You Found Me: The Fray and the Theology of Art

By Tim Butler | Posted at 22:48

Unsurprisingly, I keep hearing the Fray's new single “You Found Me” (YouTube video). It's all over the radio. For some reason, I usually hit the tail end of it most of the time, but I've listened through it a few times and it has some pretty challenging lyrics worth considering theologically (but in a different way than I think you'd expect!).

Isaac Slade writes about his song:
It demands so much of my faith to keep believing, keep hoping in the unseen. Sometimes the tunnel has a light at the end, but usually they just look black as night. This song is about that feeling, and the hope that I still have, buried deep in my chest.

Slade's statement is helpful, I believe, within the realm of the theology of art. The elegy and the dirge, the mournful cry and the bold question, have been largely thrown out of Christian art in favor of fuzzy lambs and lyrics that are best described as cheesy. We ought to note many of these share far more in common with secular “soft rock” love songs than the Psalms or other Scriptures (and no, trying to apply “Song of Solomon” to God isn't a good way to wiggle out of this — that's not what that book is about).

What we need is more honesty. We need more songs that look at the difficulties of life as, well, difficult. Like Job and the Psalmists, we should be willing to ask respectful, but bold questions. We should weep over the fallenness of the world and the brokenness of relationships.

I found God
On the corner of first and Amistad
Where the west was all but won
All alone, smoking his last cigarette
I Said where you been, he said ask anything
Where were you?
When everything was falling apart
All my days were spent by the telephone
It never rang
And all I needed was a call
That never came
To the corner of first and Amistad Lost and insecure
You found me, you found me
Lying on the floor
Surrounded, surrounded
Why'd you have to wait?
Where were you? Where were you?
Just a little late
You found me, you found me

Of course, if we stop there, if we never go beyond questioning God, that isn't healthy. But, when our music fails to meditate on the difficulties of life at all, it essentially is dishonest. This song expresses the sort of questions I think linger in each of our souls. When we are honest, that makes rejoicing later on all the more sweet.

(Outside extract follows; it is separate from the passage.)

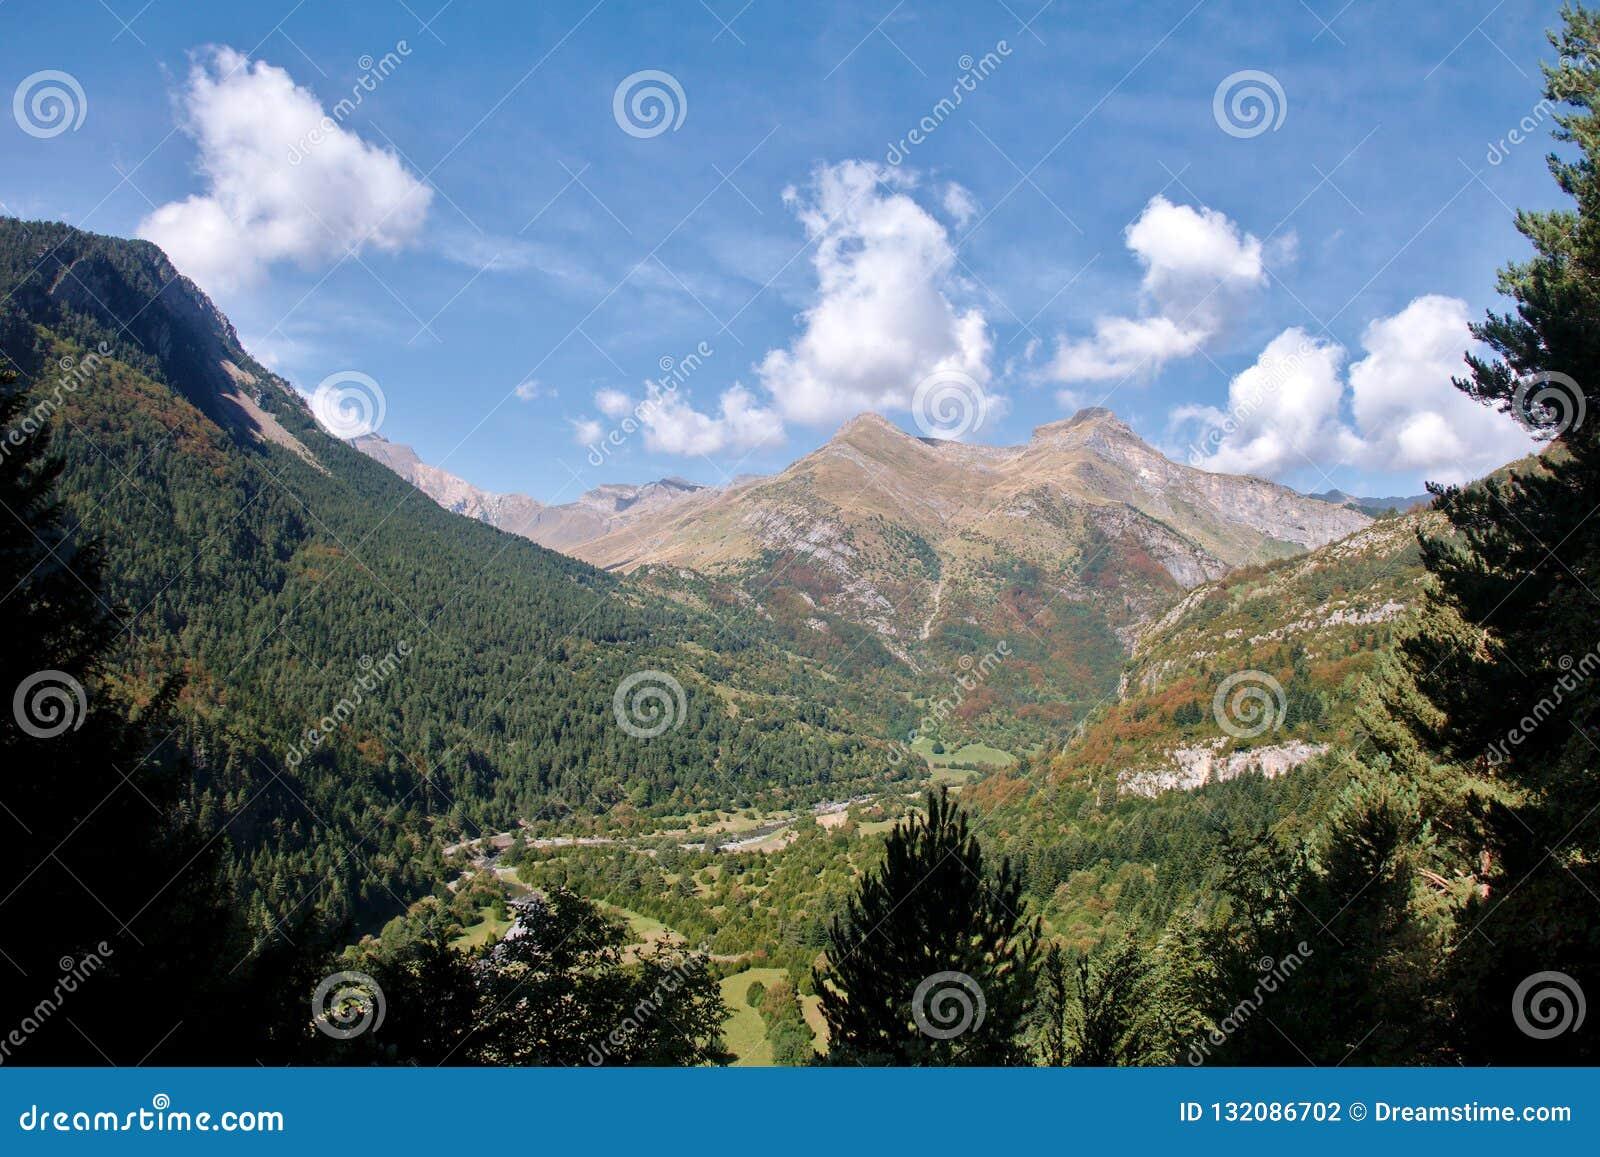 Vale spain france pyrenees de Bujaruelo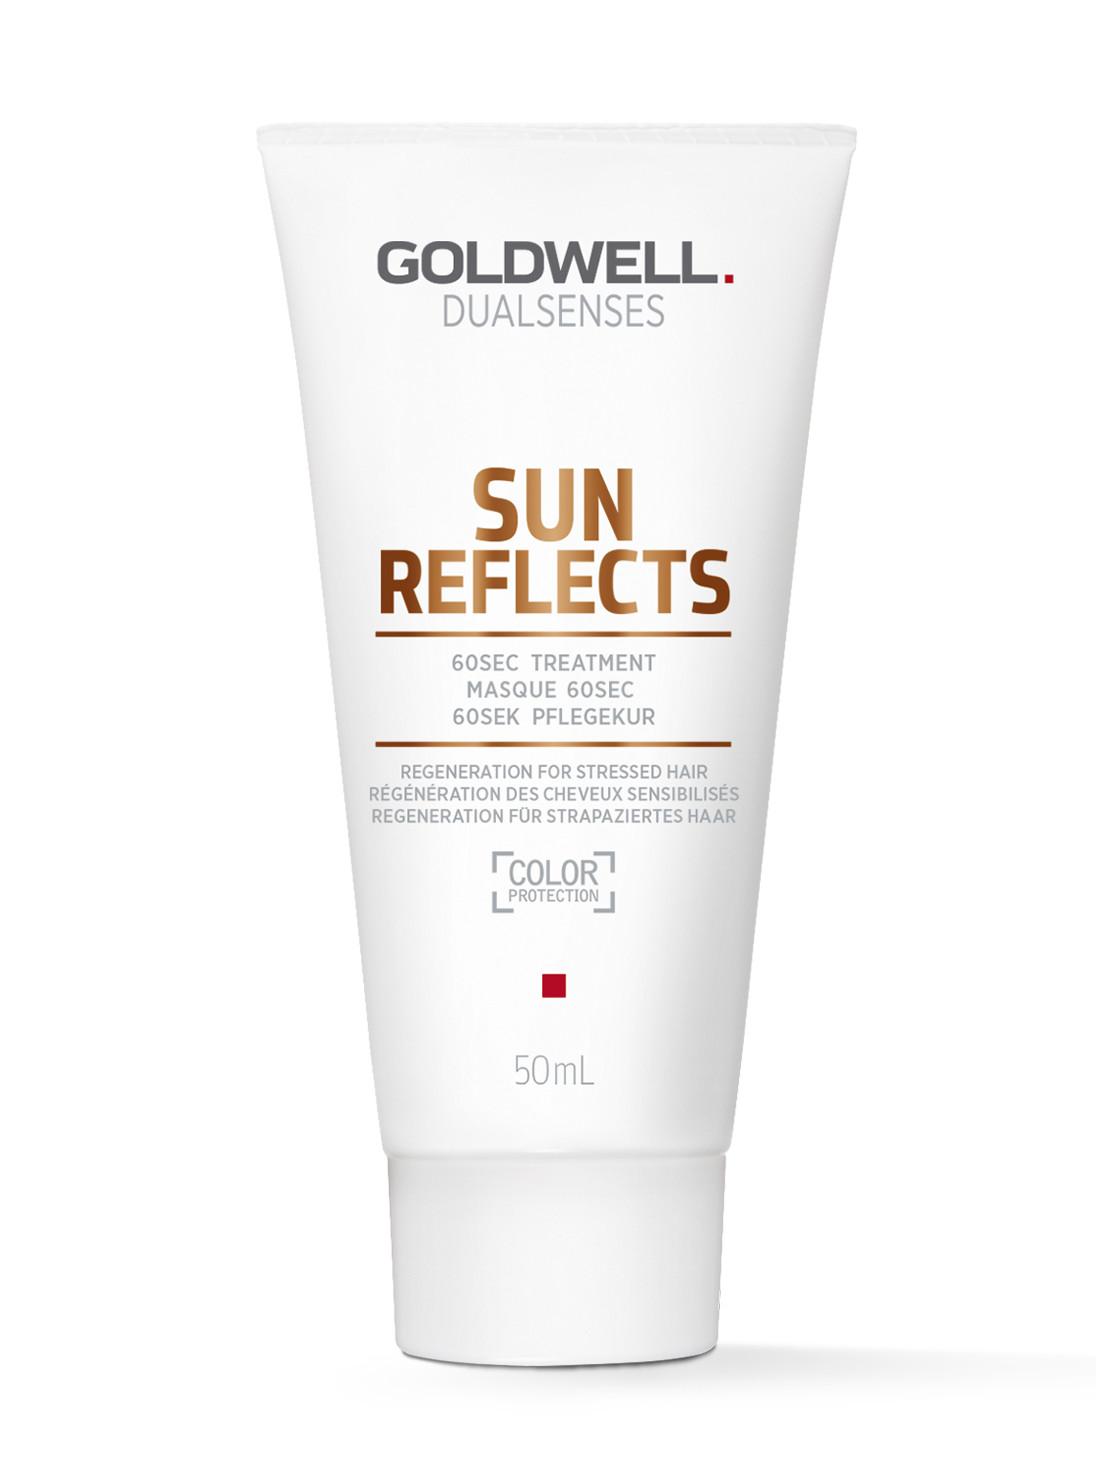 Maska na vlasy vystavené slunci Goldwell Sun Reflects - 50 ml (206189)

It's time we revisit this point. Christians of the past were not afraid to express the full range of emotions, the hymnody of the past is rich with examples and literature produces thousands of examples of poetry that fits the point. In an imperfect world, we need to encourage the body of Christ to come forward and seek God's mercy with our actual life situations rather than pretending everything is perfect for an hour every Sunday morning. What we need to do is reemphasize a holistic view of life to the music written for worship and the poetry intended to be read.

We do not need more self-help books, but more God-help books. We cannot solve all of our problems any more than the Jews could solve their exile to Babylon. It took cries out to God — corporate and individual lament — and his mercy to bring them back to the Promised Land. As American Evangelicals we need to learn how to cry out to God corporately; doing so would be healthy and it would also model the properness of similar cries that we may make to God as individuals.

Re: You Found Me: The Fray and the Theology of Art

Over the past several years I have seen an increase in Reformation theology and spiritual honesty in Christian music. Unfortunately, most of the best stuff doesn't hit Christian radio stations like Air-1 and K-Love.

Posted by Jason P. Franklin - Mar 13, 2009 | 13:42

Re: You Found Me: The Fray and the Theology of Art

That's encouraging to hear, Jason. I'm not sure why the radio stations don't pick it up.